● **What you need to do**
Your response is a verbatim copy of the listing, stripped of its images.

● **Recorded information**

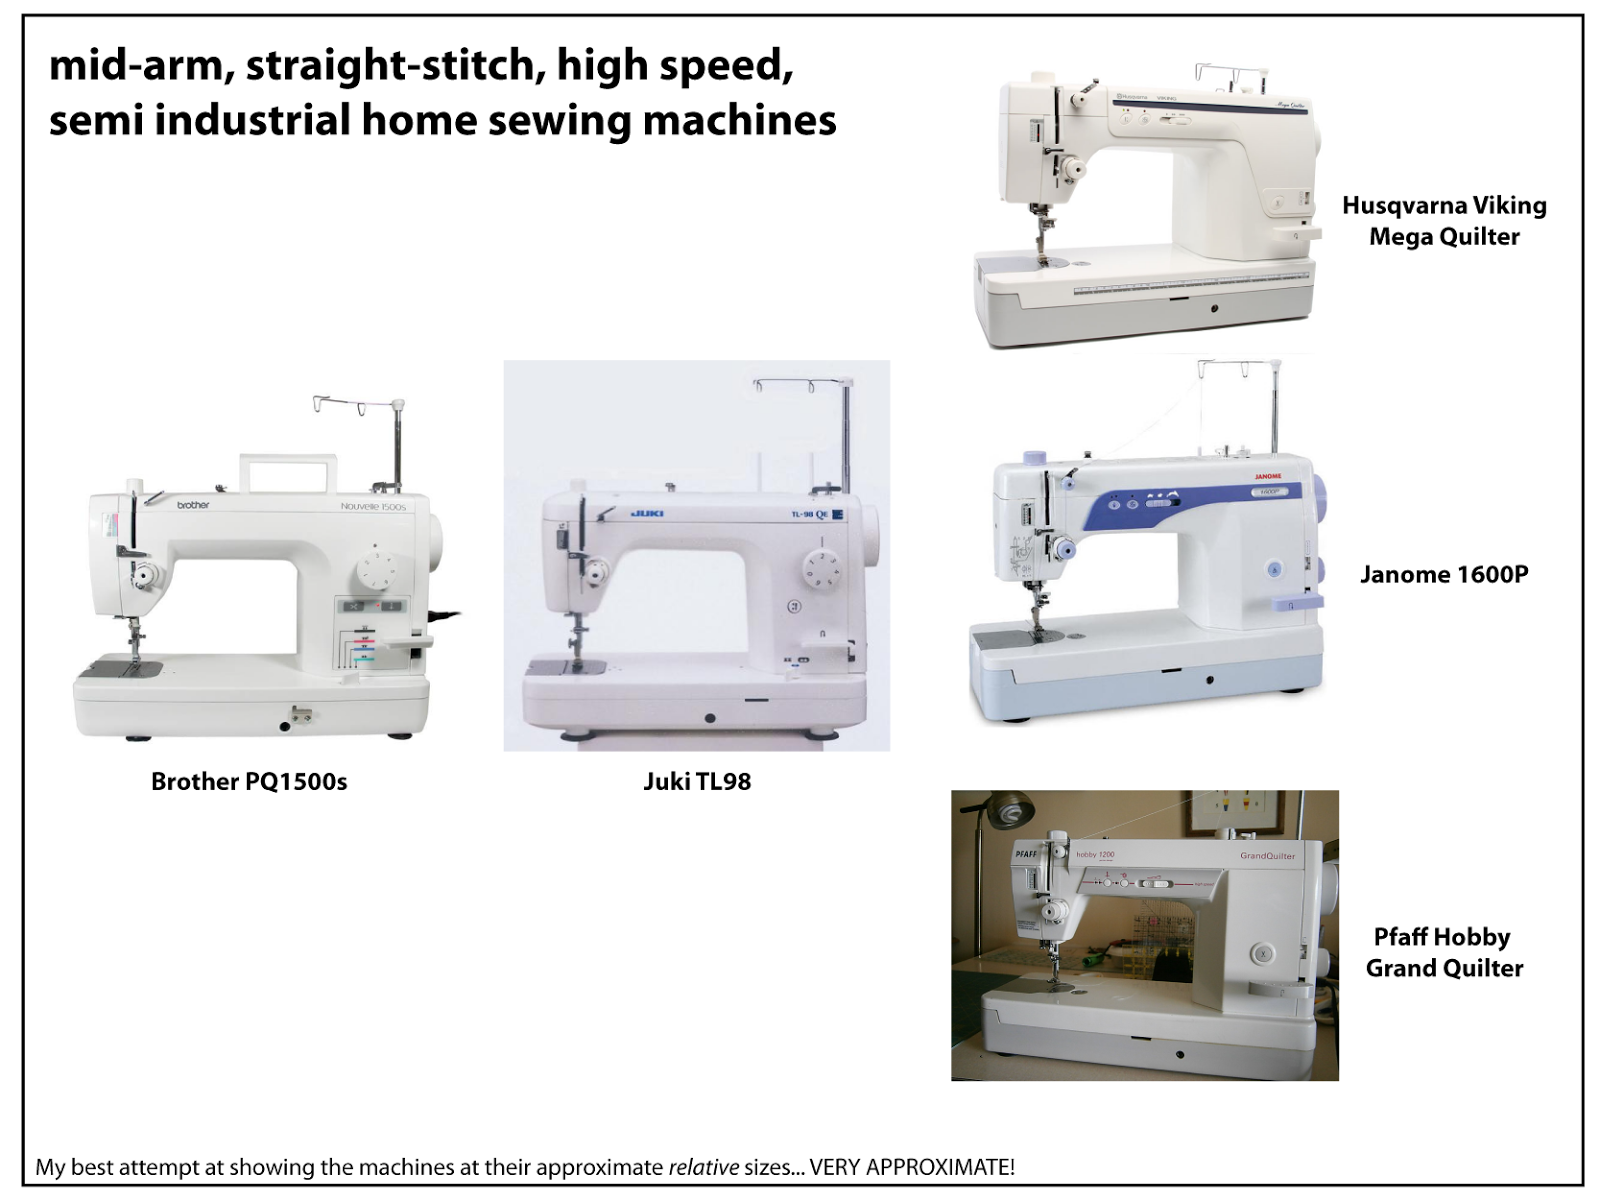 2 Year Review Of The Juki TL2010Q Sewing Machine / Honest Review
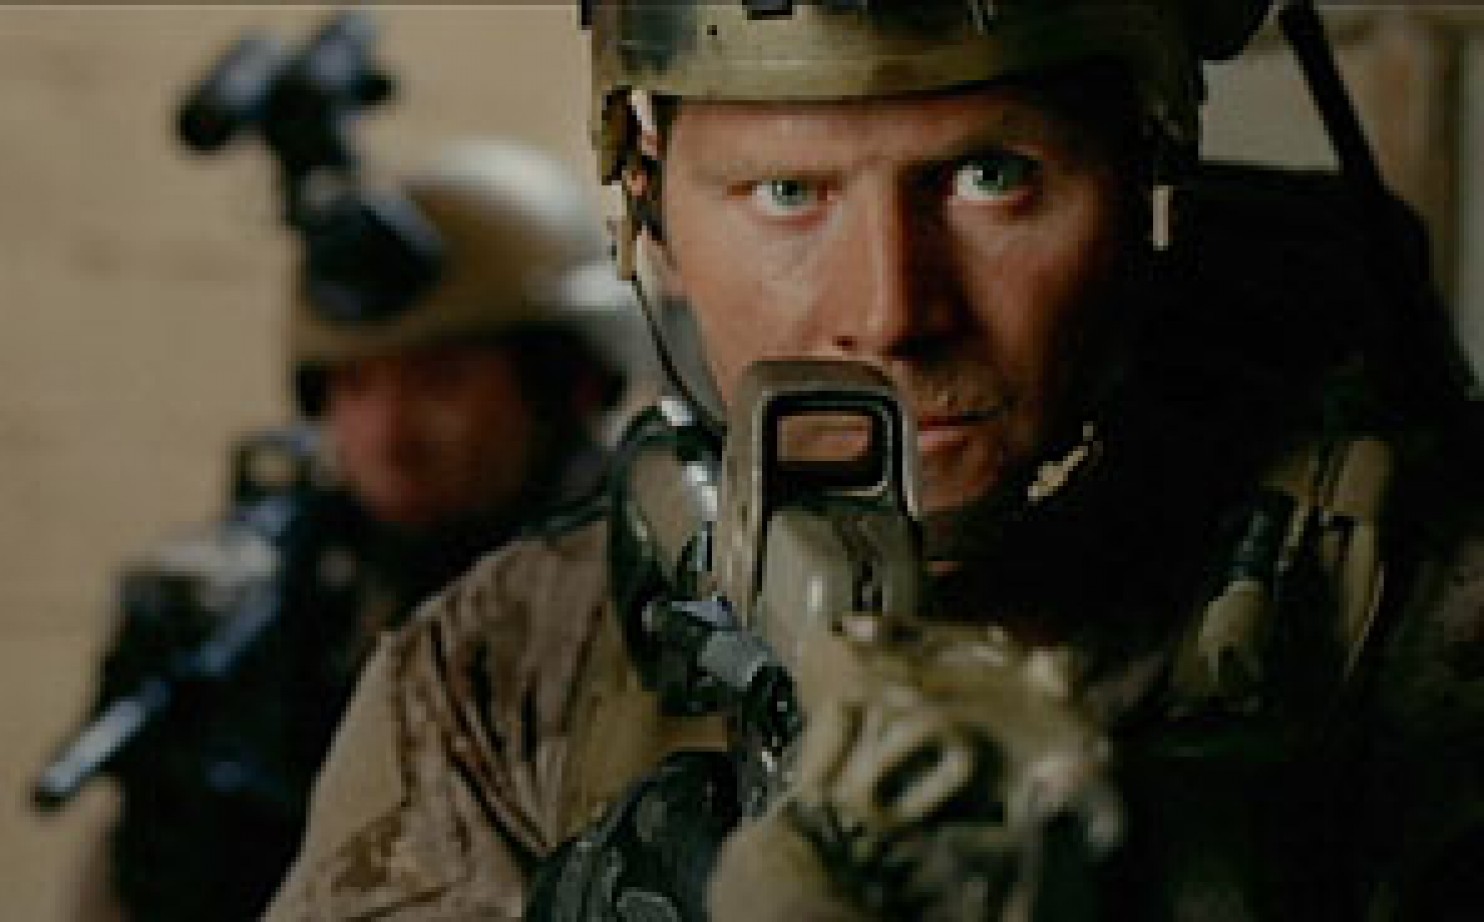 Amazing Act Of Valor Pictures & Backgrounds
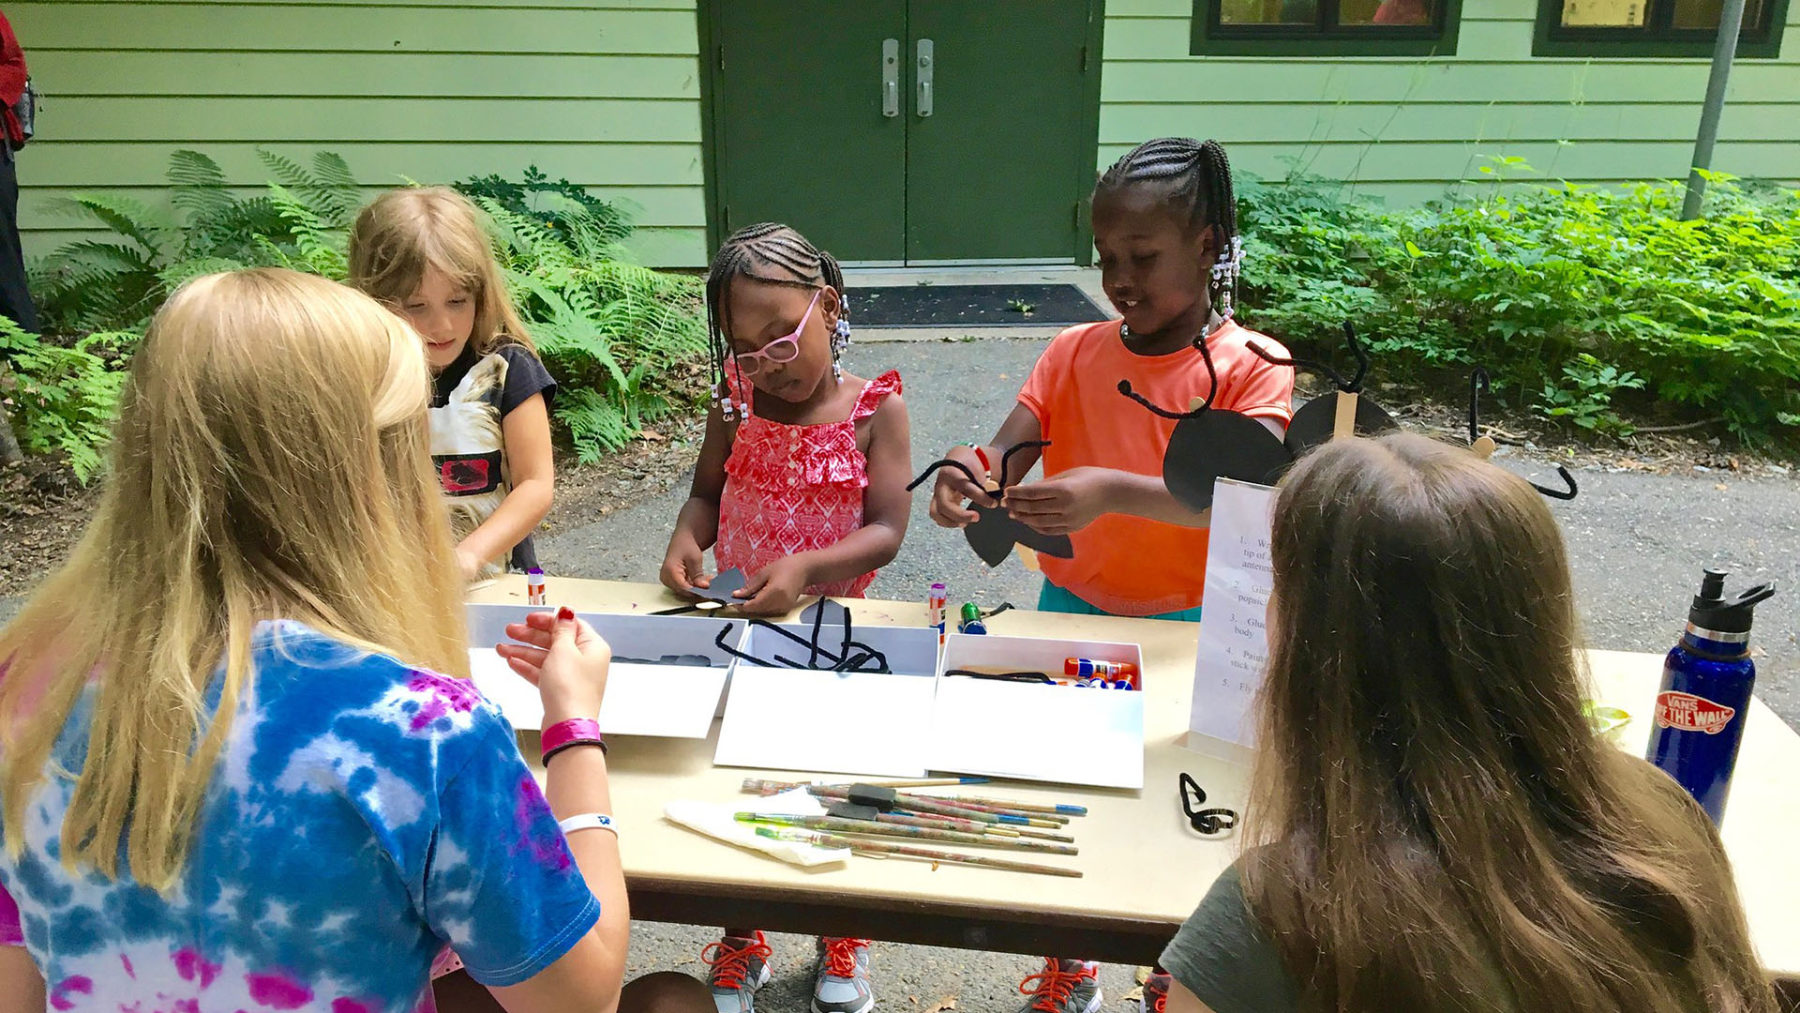 Kids playing and making an art craft at Brookside Nature Center
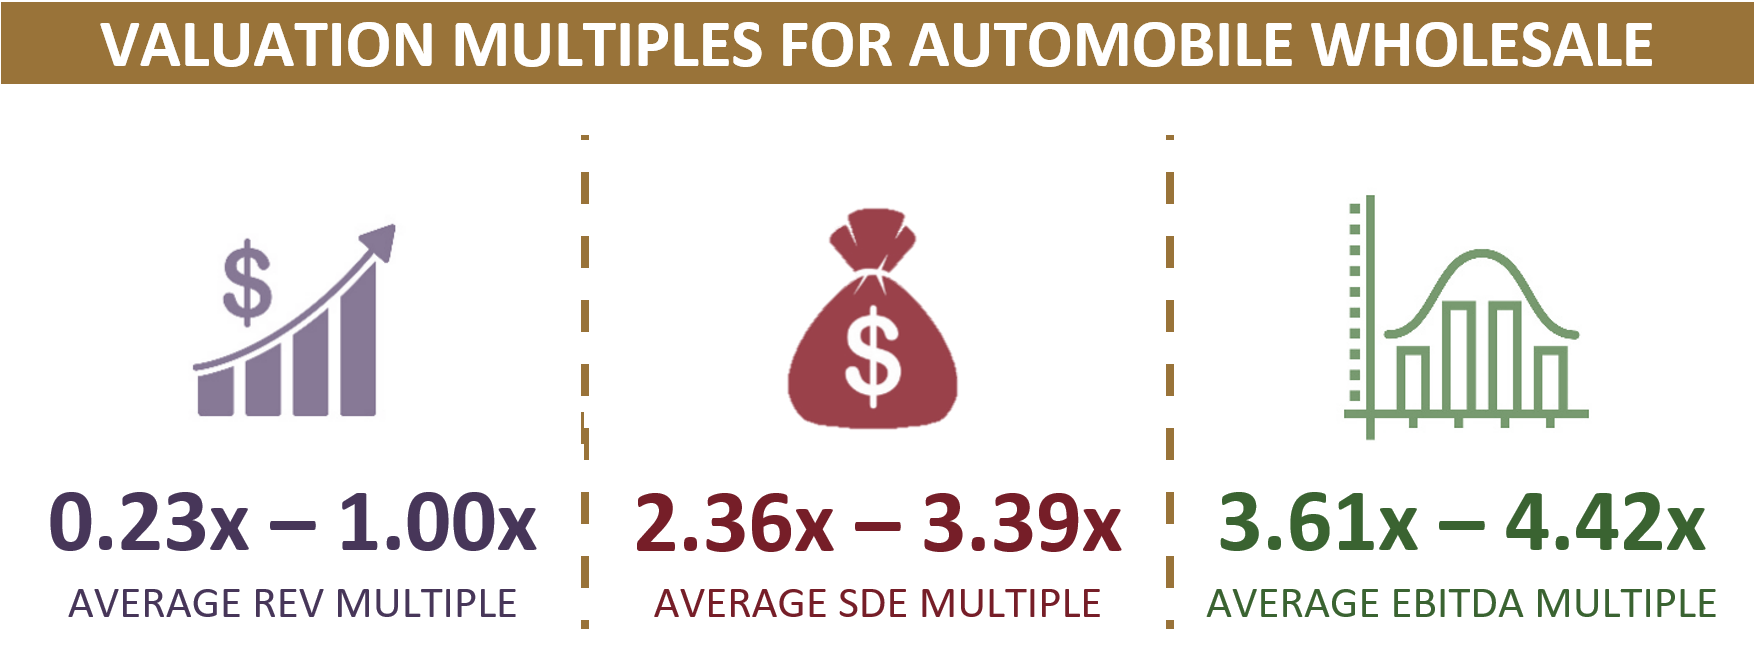 Market Multiples For Automobile Wholesaling

● **Reply**
 2 Year Review Of The Juki TL2010Q Sewing Machine / Honest Review
 Amazing Act Of Valor Pictures & Backgrounds
 Kids playing and making an art craft at Brookside Nature Center
 Market Multiples For Automobile Wholesaling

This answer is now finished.